> **Information shown**
--------

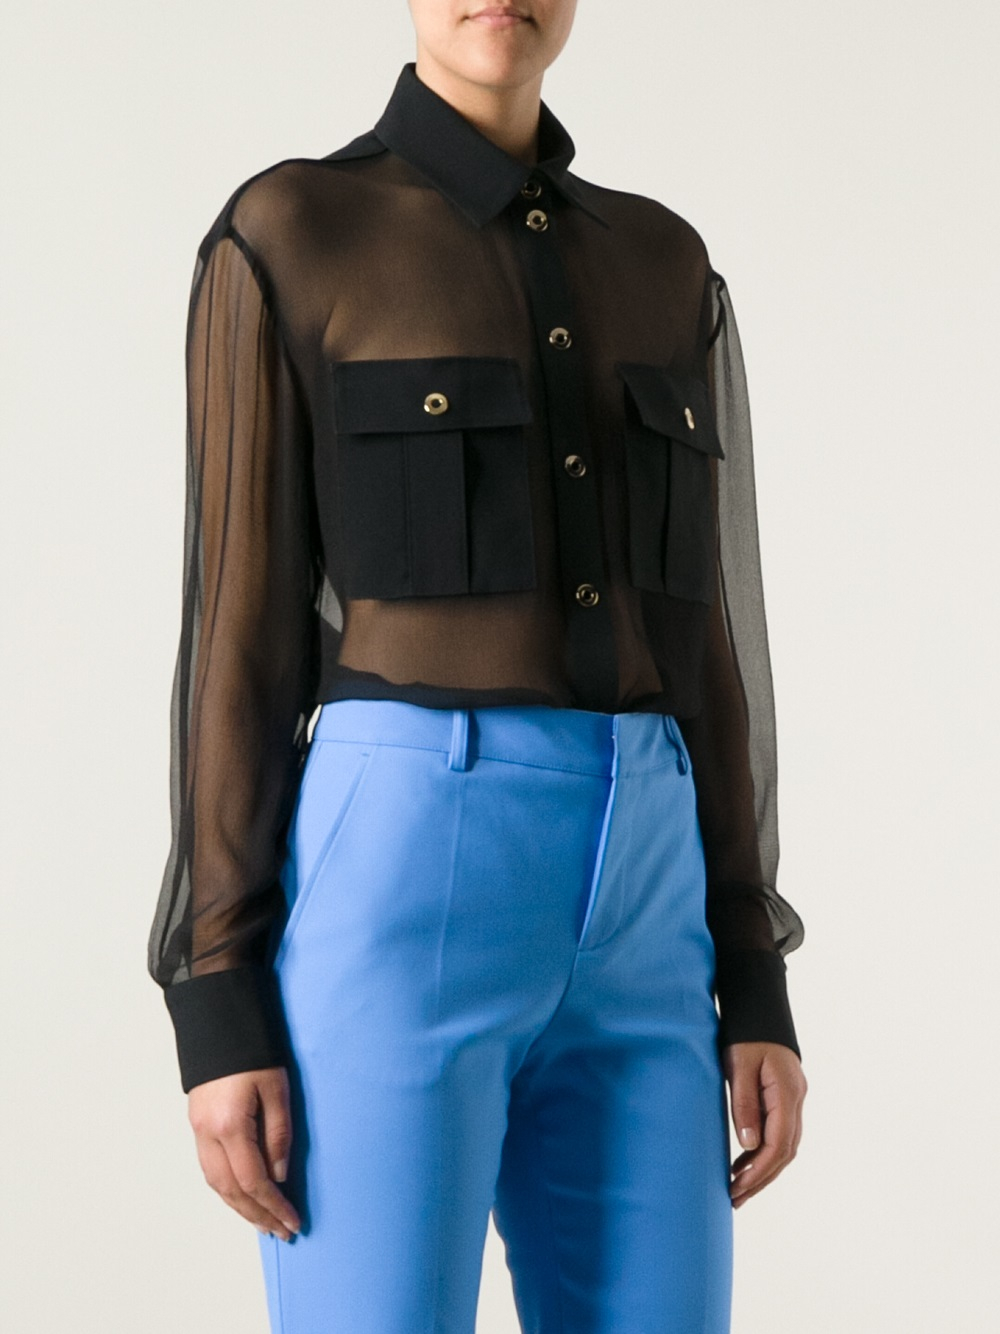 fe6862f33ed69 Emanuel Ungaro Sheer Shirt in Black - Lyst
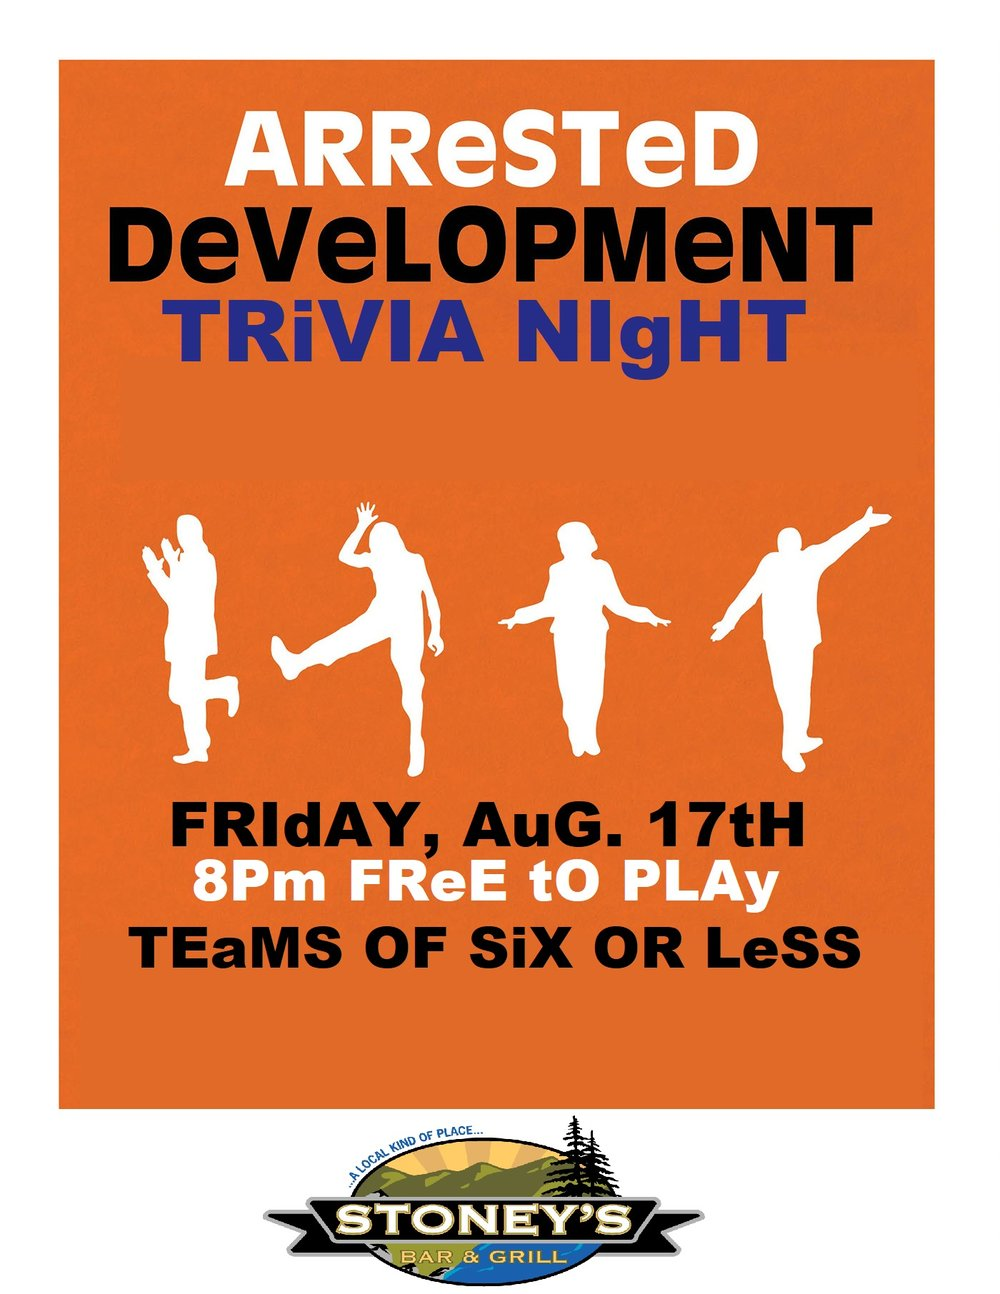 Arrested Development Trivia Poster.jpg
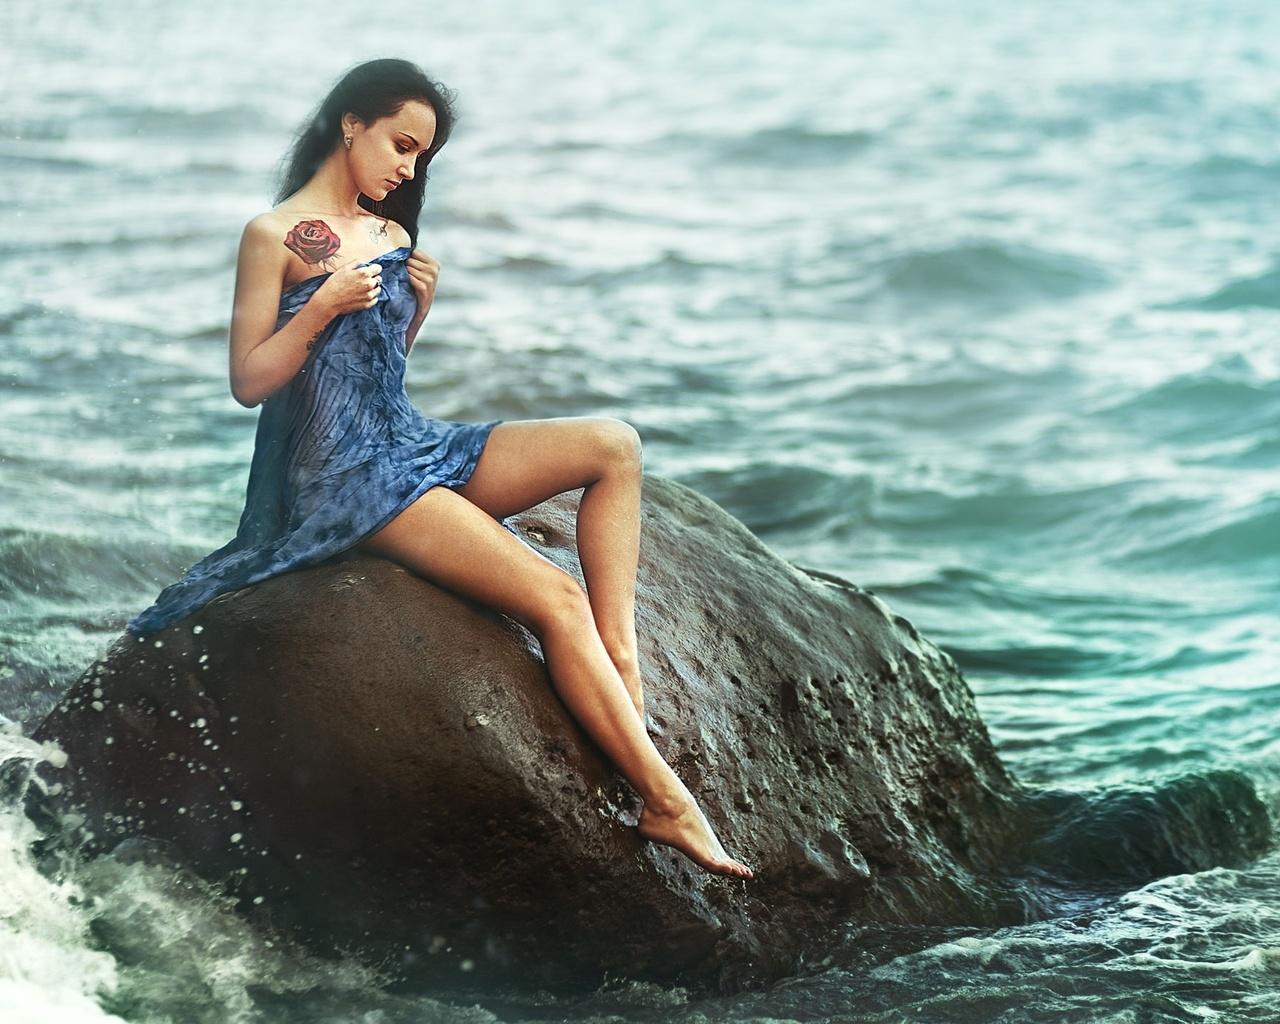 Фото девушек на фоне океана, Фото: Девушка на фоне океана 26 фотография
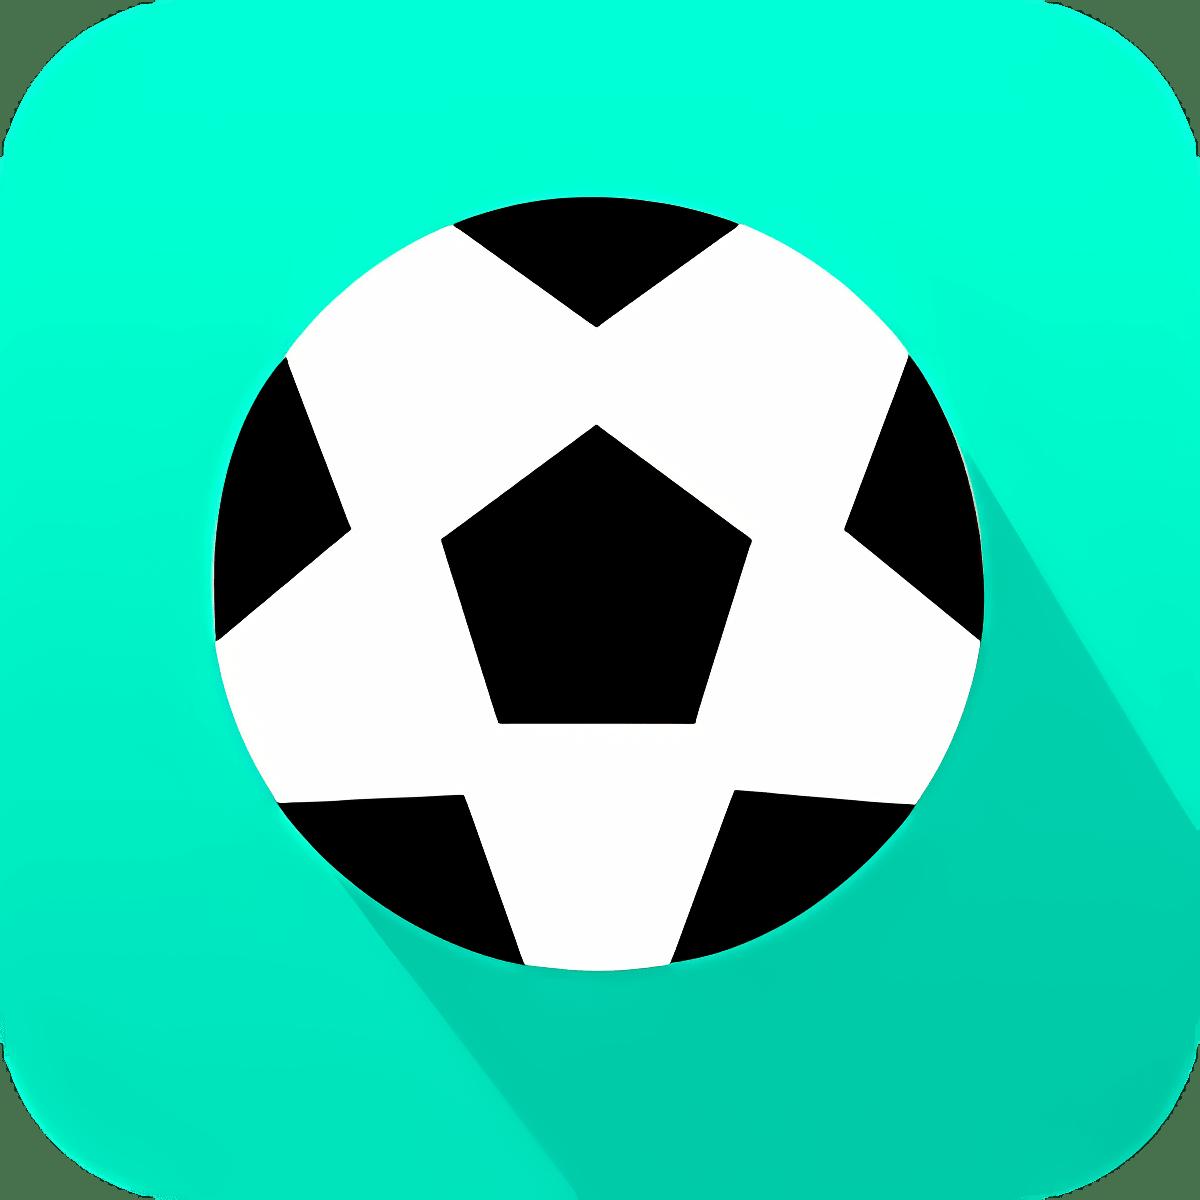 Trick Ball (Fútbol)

--------

> **Exercise requirements**
The task calls for repeating each line above exactly while excluding the pictures.

> **Answer area**
 fe6862f33ed69 Emanuel Ungaro Sheer Shirt in Black - Lyst
 Arrested Development Trivia Poster.jpg
 Фото девушек на фоне океана, Фото: Девушка на фоне океана 26 фотография
 Trick Ball (Fútbol)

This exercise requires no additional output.